Given the extremely large areas of provincial, national, regional, and global degradation that are frequently stated (Bai et al., 2008; Bridges and Oldeman, 1999; Kassas, 1995; Oldeman, 1994; UNEP, 1997; Zika and Erb, 2009) and the far-reaching effects of degradation on human livelihoods (Adeel, 2008; UNCCD, 1994), rigorous, quantitative, and objective measurements are urgently needed. While reduction of NPP is a single type of degradation, it is a quantitative measure of the outcome of most forms of degradation relevant to human needs – but not all (e.g., loss of palatable species with no change in NPP; Asner and Heidebrecht, 2005). The widespread occurrence of degradation and its anthropogenic causes and effects require measurements having the large-area coverage and high spatial resolution provided by remote sensing, despite their limitations. LNS is founded on the concept of comparison of the actual conditions with their potential. As noted, there are several weaknesses in the technique that may affect the validity of the results; nevertheless, the fundamental concept of reduction from an explicit standard remains. There also remains a need for improvements in detection of appropriate reference standards, either by local scaling as in LNS or by some other method.
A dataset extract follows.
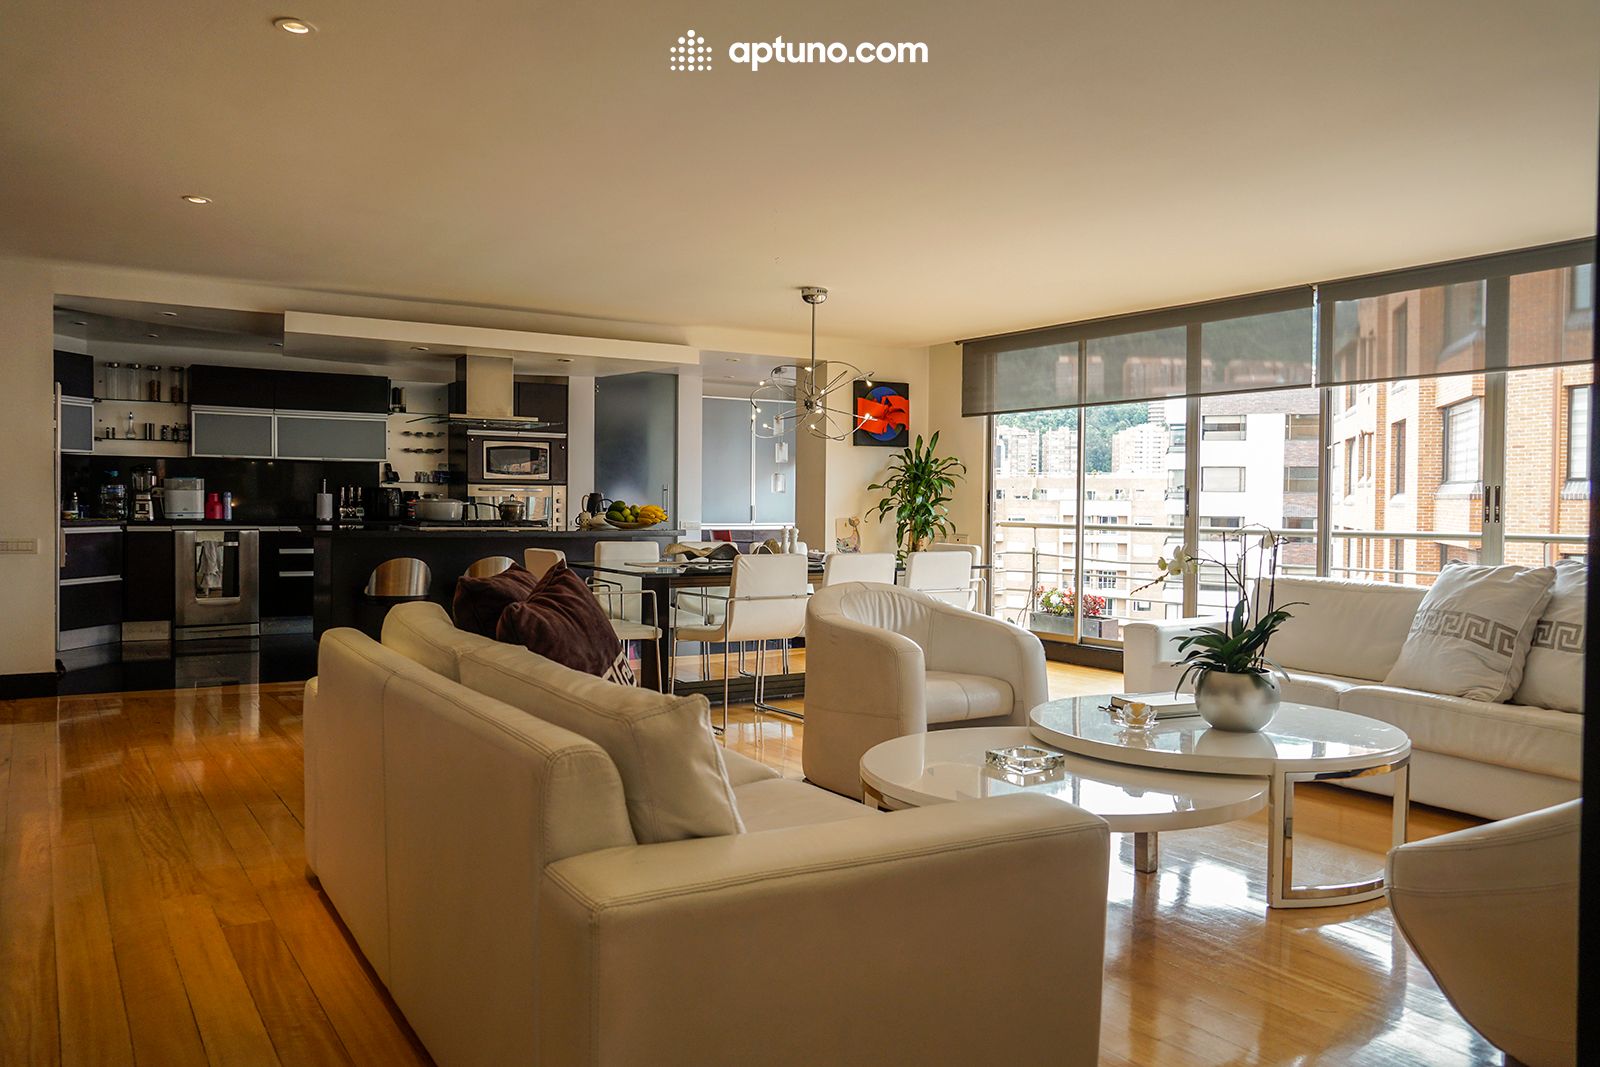 Apartamento en arriendo Santa Bárbara Central 300 m² - $ 18.000.000

The objectives of the many initiatives to arrest and remediate degradation have been summarized in the concept of zero net land degradation (ZNLD) (Stavi and Lal, 2015). ZNLD seeks to slow current rates of degradation such that the rates of land rehabilitation are, at the very least, equivalent to rates of deterioration (Lal et al., 2012), locally or elsewhere. Achievement of ZNLD depends on comprehensive monitoring to identify land states and trends of degradation. The study presented here used one approach to such regional assessment. While the feasibility of global land degradation neutrality has been debated (Grainger, 2015), the BDT is an example of a region that has seen a reversal of an overall trend toward degradation in productivity.